This page covers information related to search logic, that is how the system searches for content based on the query you entered.
When you run a search in iManage Insight+, the following factors help determine which results are returned:
Determining relevance - Term Frequency: Inverse Document Frequency (TF:IDF)
The most relevant documents appear at the top, based on your keywords.
Relevancy increases in proportion to the number of times a word appears in the document and is offset by the number of documents in the repository that contain the word. This offset adjusts for how some words appear more frequently in general.
For example, you'll find the term “iManage” within almost all the documents in an iManage repository and probably multiple times in each document. So, though the term frequency is high, the number of documents in which this term appears is also high, indicating that it must be a very common word and thereby, the relevancy of the term in the search results is reduced.
Boolean and Proximity operators
iManage Insight+ search accepts simple or complex Boolean and bracketed Boolean expressions, and it returns a list of matching documents.
Operators can be combined to create more advanced expressions. In the absence of brackets, Boolean and proximity operators are treated in the order of precedence below.
NOT
NEAR (NEARn and PREn)
AND
OR
NOTE:
Boolean operators must be entered in uppercase (AND). If they're in lowercase (and) or combination (aNd), they're treated as literal words.
Boolean syntax is read from left to right.
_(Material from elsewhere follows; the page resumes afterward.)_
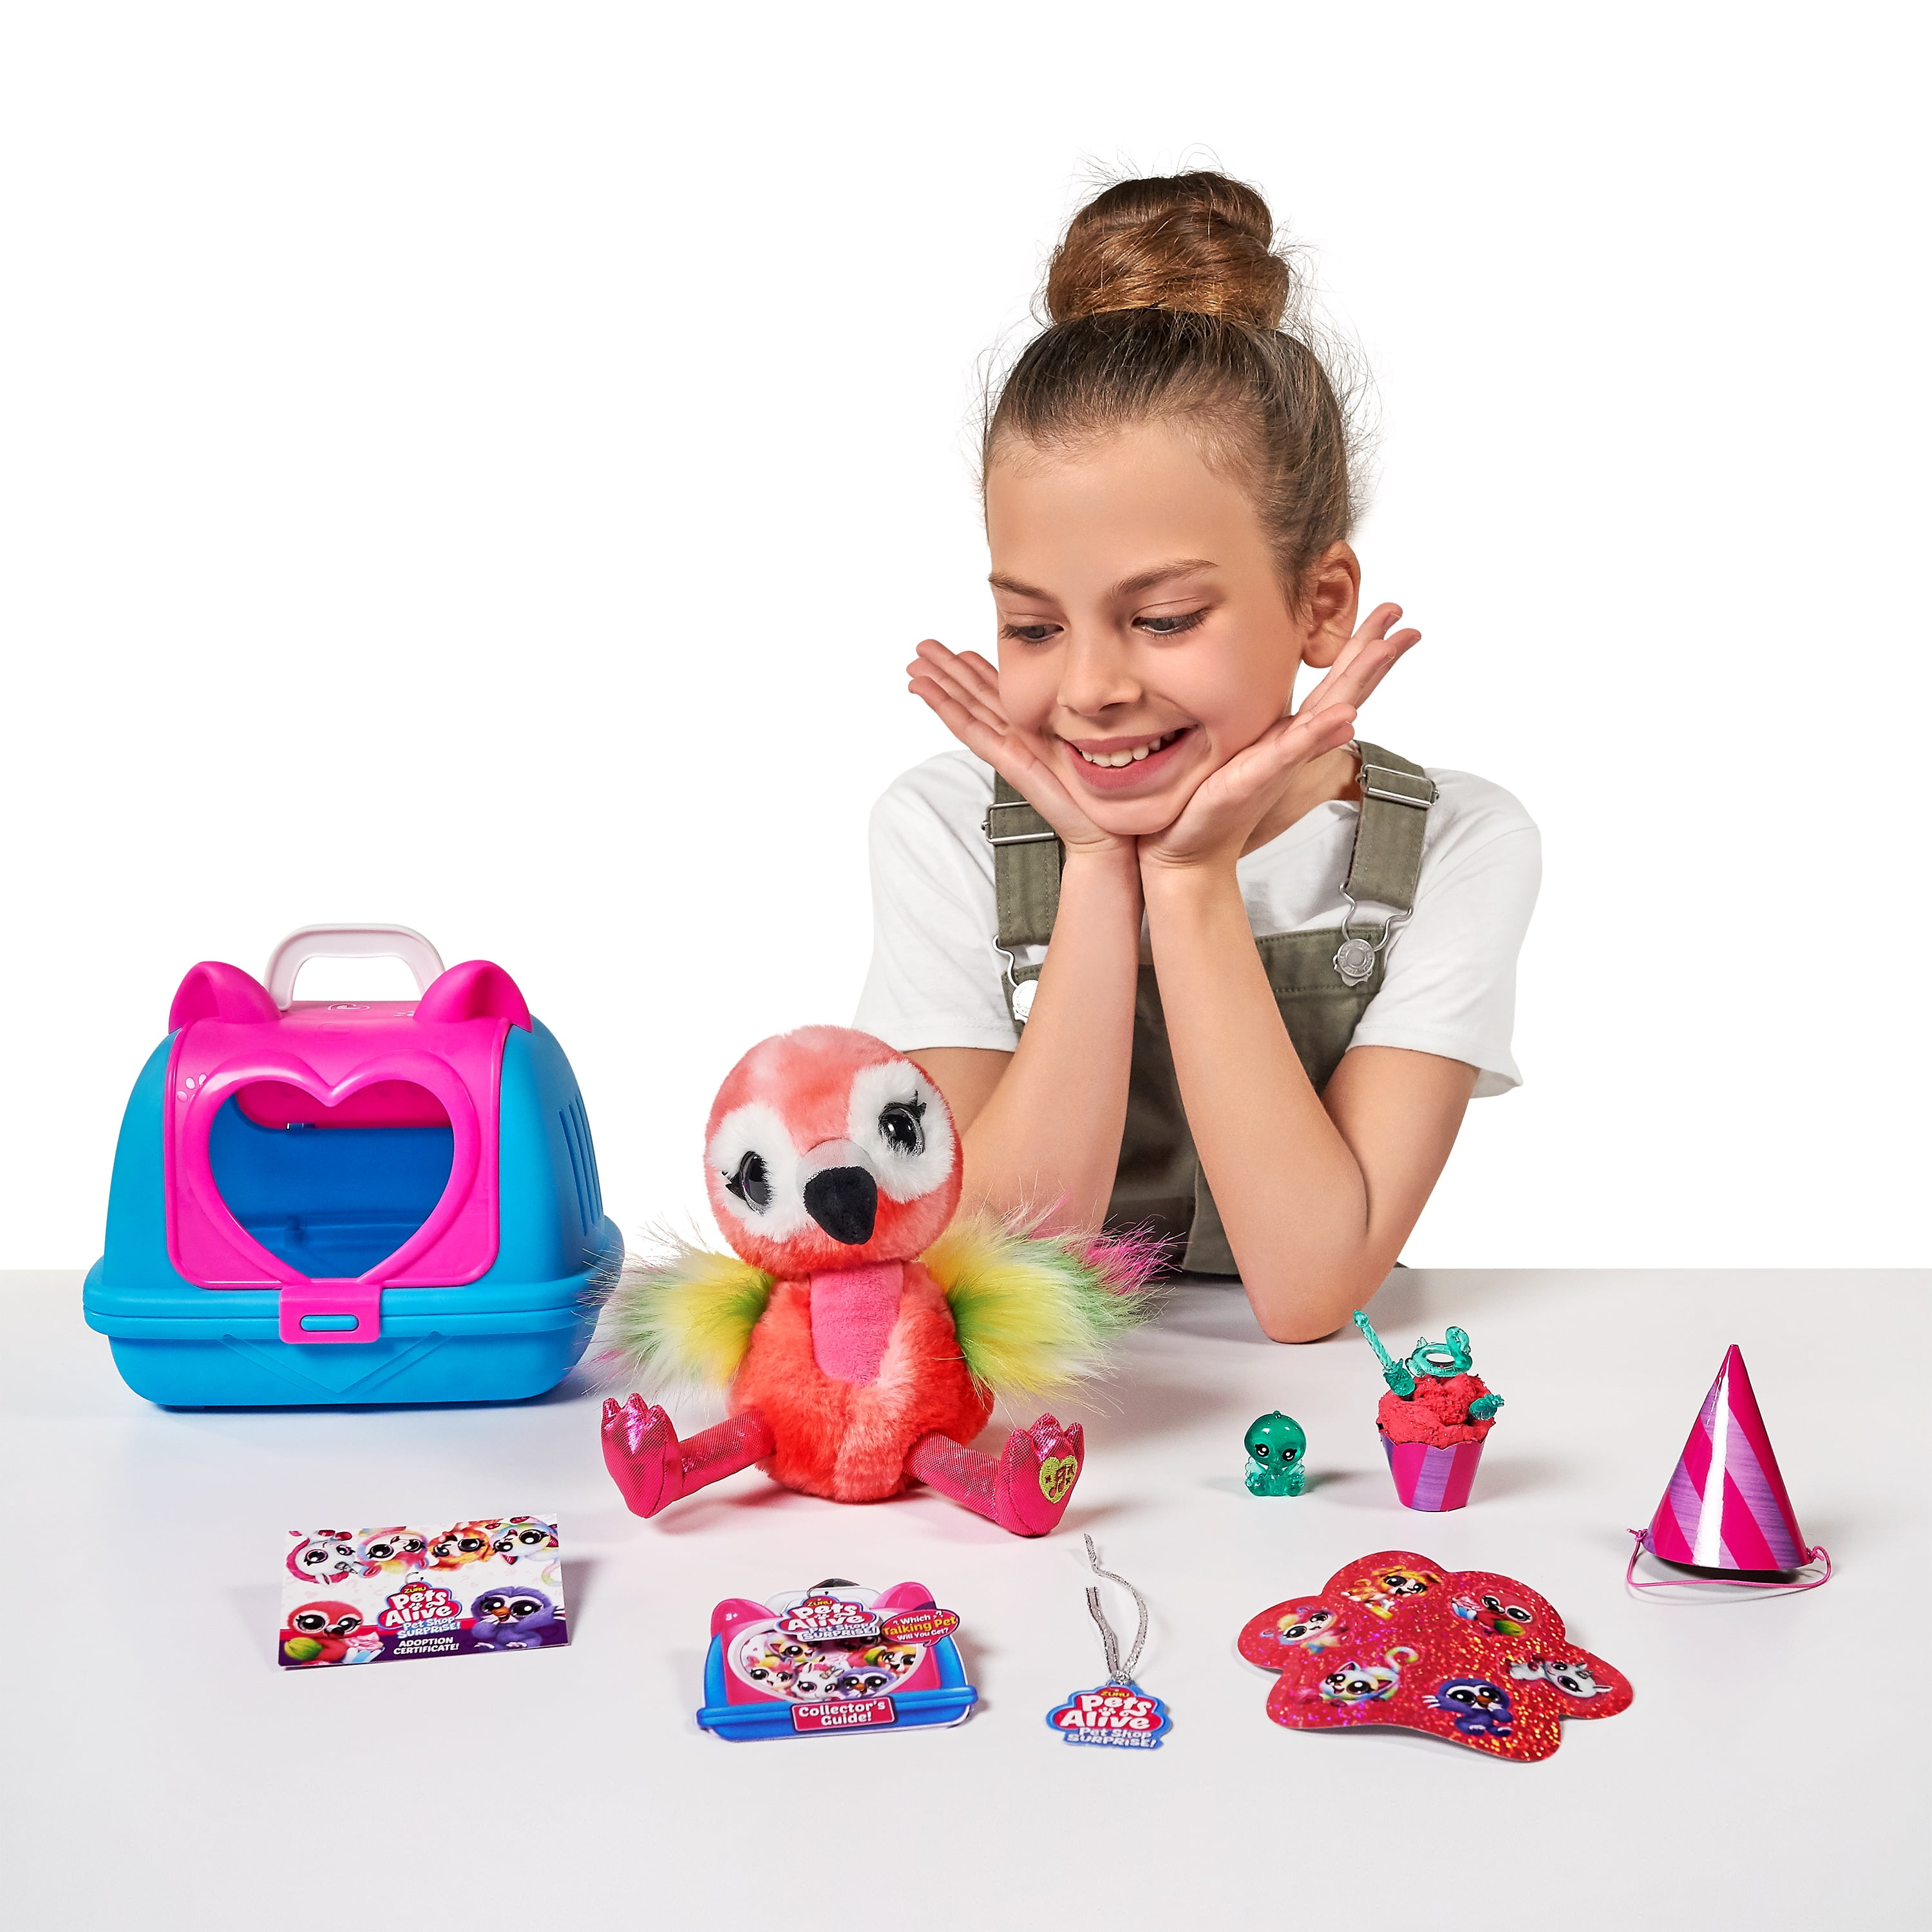 Pets Alive Interactive Electronic Pet Toys for Kids by ZURU - 'Speak &  Repeat' Playset, Animal Surprise Gifts for Girls and Kids (Series 2)

Table: Boolean and Proximity operators
Operator | Description | Example |
|---|---|---|
AND | Requires both terms on either side of the Boolean operator to be present for a match. | Input: Cease AND desist Output: This query returns documents that contain both the terms Cease and Desist, even if the two terms appear in different fields, for example—Cease found in Title and Desist found in Comments. |
OR | Requires that either term (or both terms) be present for a match. | Input: Cease OR desist Output: This query returns all documents that have at least one of these terms. |
NOT | Requires that one of the specified terms is present and the other isn't present. | Input: Cash NOT Credit Output: This query returns only documents that contain Cash and not Credit. |
NEARn | In the case of a phrase search, the second term must be within n words of the first term, that is, the terms are n or fewer words apart in either direction. N is the maximum number of words that are allowed to be found in between the terms. If you don't specify n, it defaults to 5. | Input: Cash NEAR1 Agreement Output: This query returns documents in which the term Cash is within 1 word of the term Agreement. For example—documents that contain Cash Agreement or Agreement Cash are returned. Documents that contain Cash Credit Agreement are also returned, because 1 is the maximum number of words which are allowed to be found in between Cash and Agreement. |
PREn | The second term must be n words before the first term. N is the maximum number of words that are allowed to be found in between the terms. If you don't specify n, it defaults to 5. | Input: Cash PRE1 Agreement Output: This query returns only documents in which the term Cash is before the term Agreement. For example, documents that contain Cash Agreement are returned. Documents that contain Agreement Cash aren't returned (because the order of the terms is incorrect). |
When they're within a quoted phrase search, operators are ignored, even if in uppercase. For example, in—“Cease AND desist”, and “Cash NOT credit”, AND and NOT are treated as literals.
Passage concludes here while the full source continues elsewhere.